Centos 7 LXC Container and Bind

[matthew]

I was moving one of my DNS servers to Proxmox 4. I created a Centos 7 LXC container and installed bind on it it with "yum install bind bind-utils". Named will not start.

service named start
Redirecting to /bin/systemctl start named.service
Job for named.service failed. See 'systemctl status named.service' and 'journalctl -xn' for details.


# service named status
Redirecting to /bin/systemctl status named.service
named.service - Berkeley Internet Name Domain (DNS)
Loaded: loaded (/usr/lib/systemd/system/named.service; disabled)
Active: failed (Result: exit-code) since Tue 2015-11-10 18:04:47 CST; 25s ago
Process: 979 ExecStartPre=/usr/sbin/named-checkconf -z /etc/named.conf (code=exited, status=226/NAMESPACE)


Nov 10 18:04:47 ns1.testtest123.net systemd[979]: Failed at step NAMESPACE spawning /usr/sbin/named-checkconf: Permission denied
Nov 10 18:04:47 ns1.testtest123.net systemd[1]: named.service: control process exited, code=exited status=226
Nov 10 18:04:47 ns1.testtest123.net systemd[1]: Failed to start Berkeley Internet Name Domain (DNS).
Nov 10 18:04:47 ns1.testtest123.net systemd[1]: Unit named.service entered failed state.





Is this something to do with AppArmor? Few months ago I created a Centos 7 OpenVZ container on Proxmox 3 with no issues at all with DNS server running.

 

[just_insane]

This seems to be a problem with systemd. See a fix here: qiita.com/tukiyo3/items/4df2cc330a9079c4c302
tl;dr: edit this file /usr/lib/systemd/system/[service].service by

[Service]
- PrivateTmp=true
+ PrivateTmp=false
+ NoNewPrivileges=yes

# systemctl daemon-reloadsystemctl restart [service]

 

[matthew]

After making this change to container I had to reboot it to get named to start.

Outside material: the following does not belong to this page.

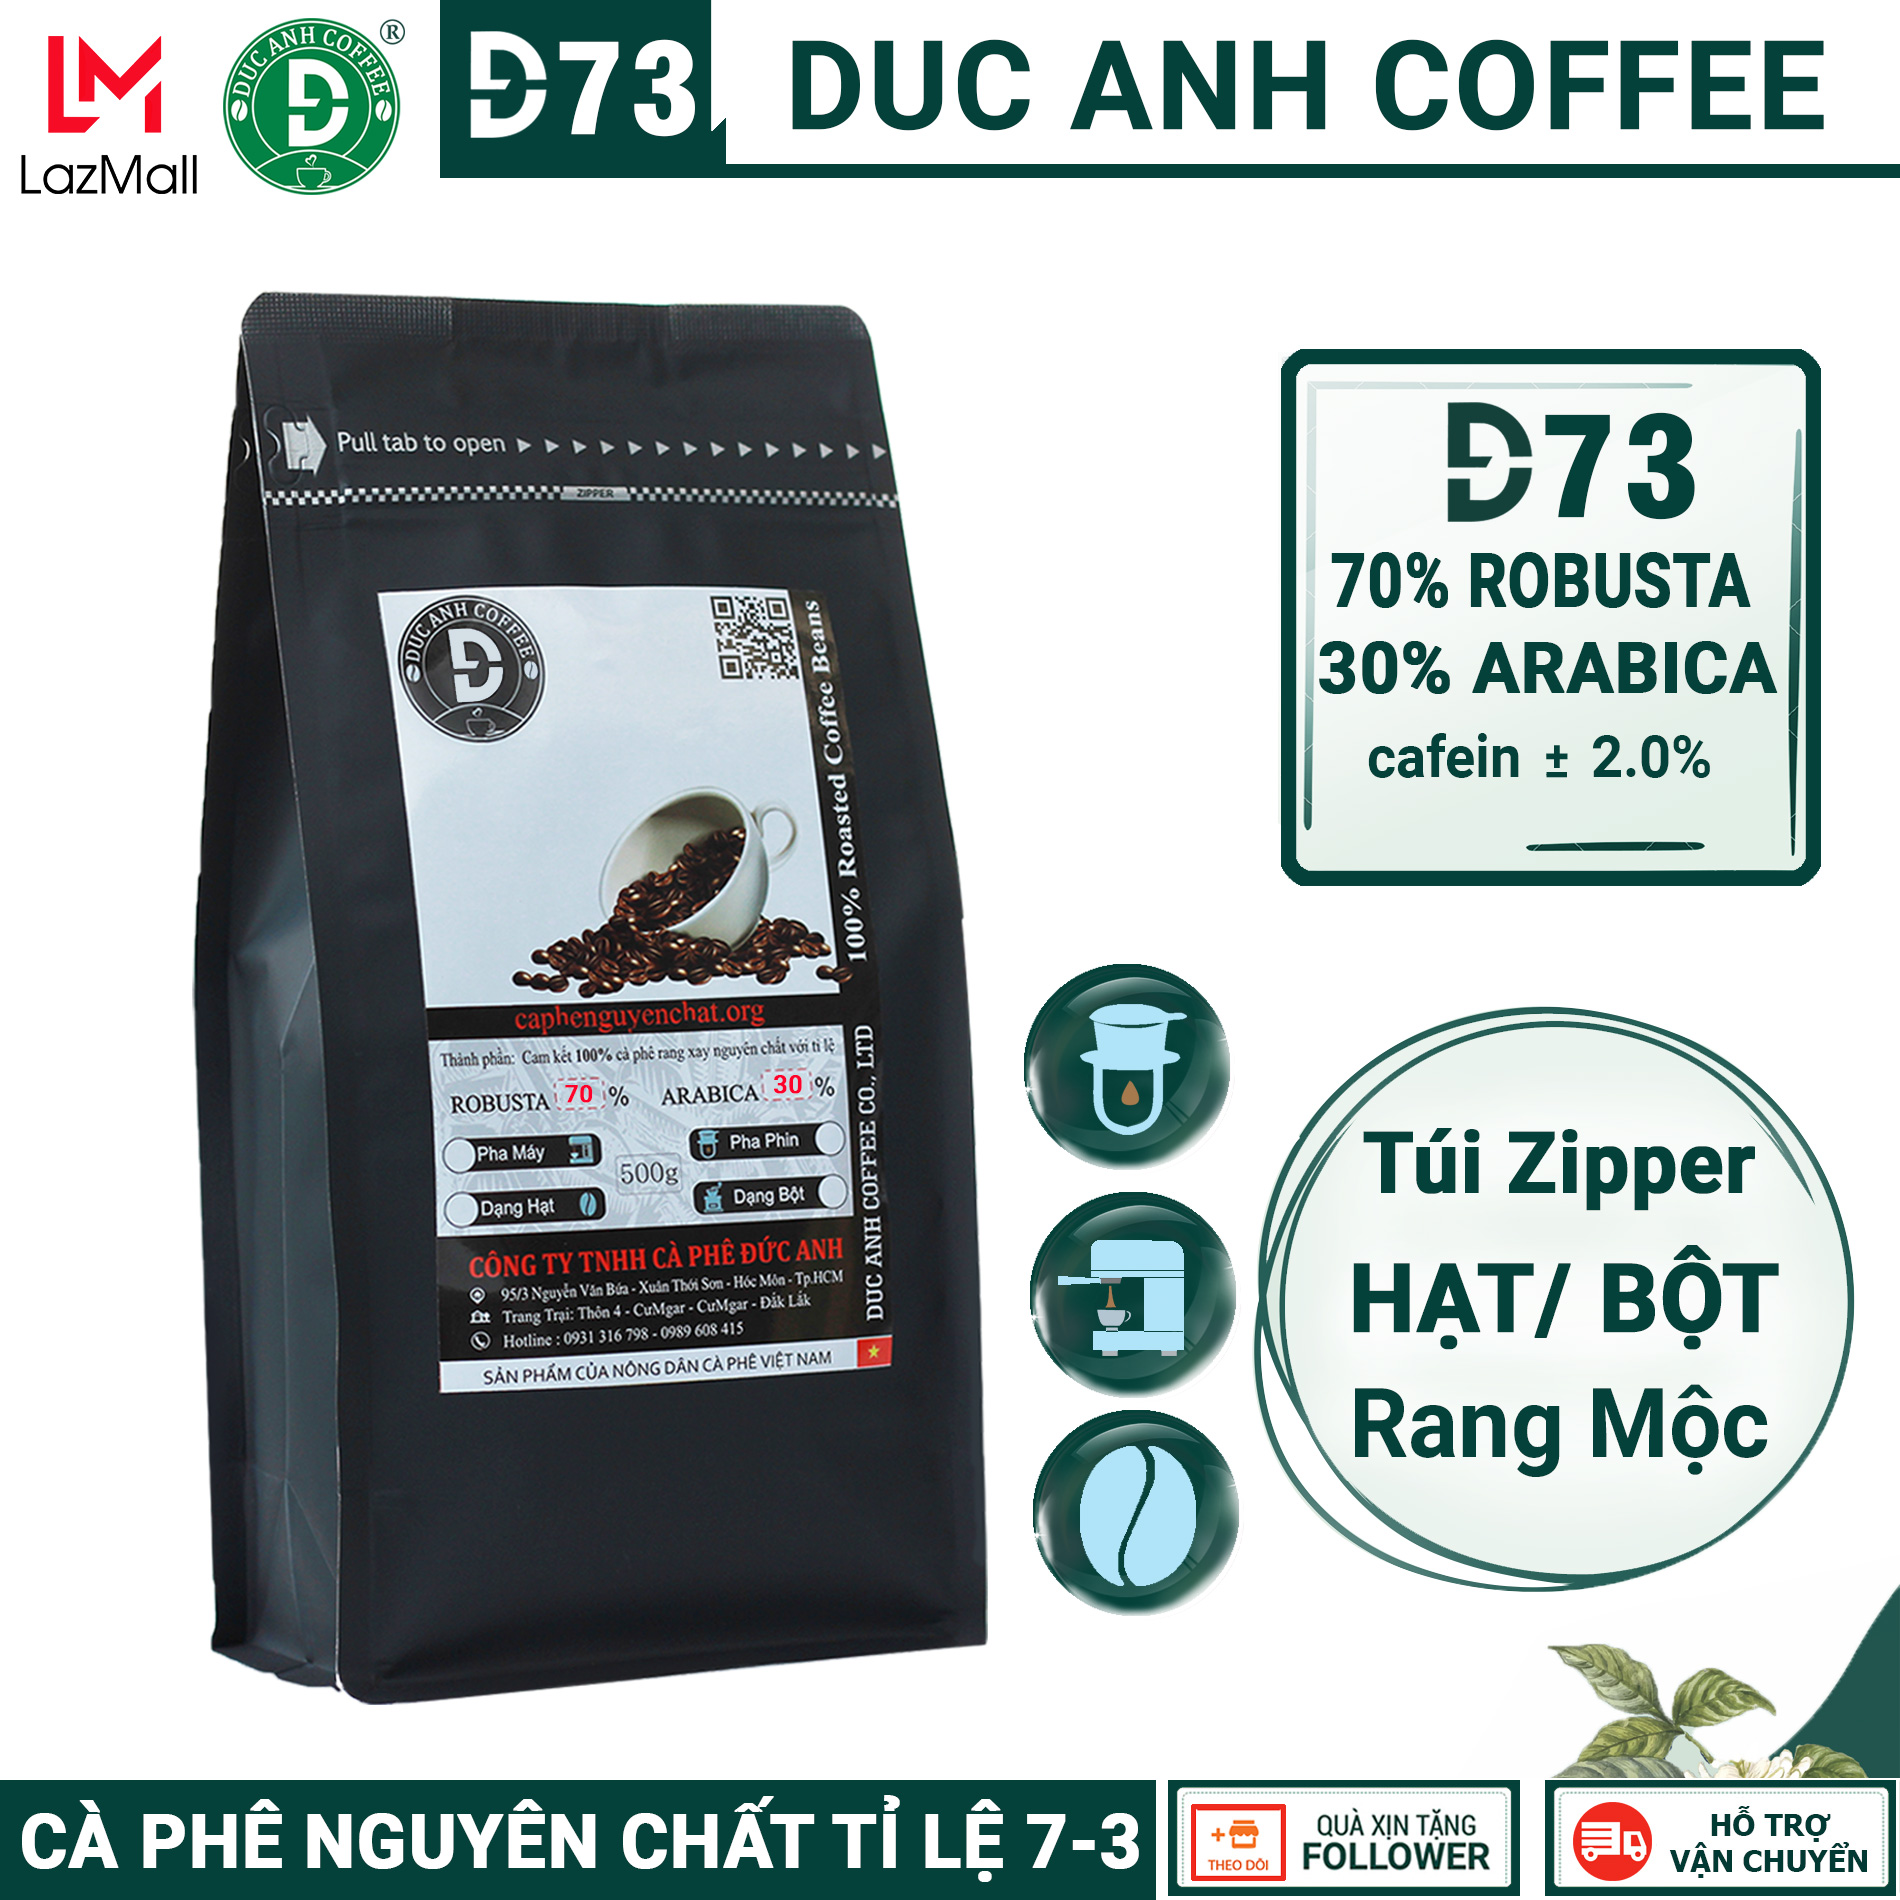 Cà Phê Rang Mộc D73 DUC ANH COFFEENguyên Chất dùng Pha Phin

Now it does though. Does this change affect the security of the container? Is this something that will be fixed up stream eventually or do I need to do this every time I install a Centos 7 container on Proxmox 4? I like it so so much better when things just work.

Is this the same problem they are seeing here?

http://forum.proxmox.com/threads/23962-AppArmor-denies-named-startup

Thanks!!!

 

[matthew]

I have a Centos 7 Openvz container running on Proxmox 3.x and DNS works without these changes. Is the reason for that AppArmor, LXC or what?

Thanks.

 

[TBarbette]

This is due to AppArmor which prohibits bind mounts inside LXC container (so this is the typical Proxmox 4 setup, it's normal it works with Proxmox 3) and maybe only with a CentOS guest...?

 

[matthew]

So I am assuming many services are going to encounter this? I see similar issue with httpd here.

http://forum.proxmox.com/threads/23...httpd-spawing-Permission-denied-(PVE4-beta-2)

I am guessing its an issue that services cannot have a privatetmp inside a LXC container? If they were installed on bare metal or Openvz it would not be an issue?

I see it mentioned here:

https://mrkmg.com/posts/proxmox-4-upgrade-on-ovh-simple-ip-failover-issues

Will LXC ever be updated to support PrivateTmp?

 

[flotho]

Hi folks,
I personnally have the same issue and I configured the named service inside the LXC.
I changed the PID location and user /var/run.... instead of /run.
From now the LXC service don't try to write in the "host" part anymore so no more need to set up apparmor.

 

[mailinglists]

I made a symlink between these two folders to get it working, 'cause I got tired of fixing the unit files all the time.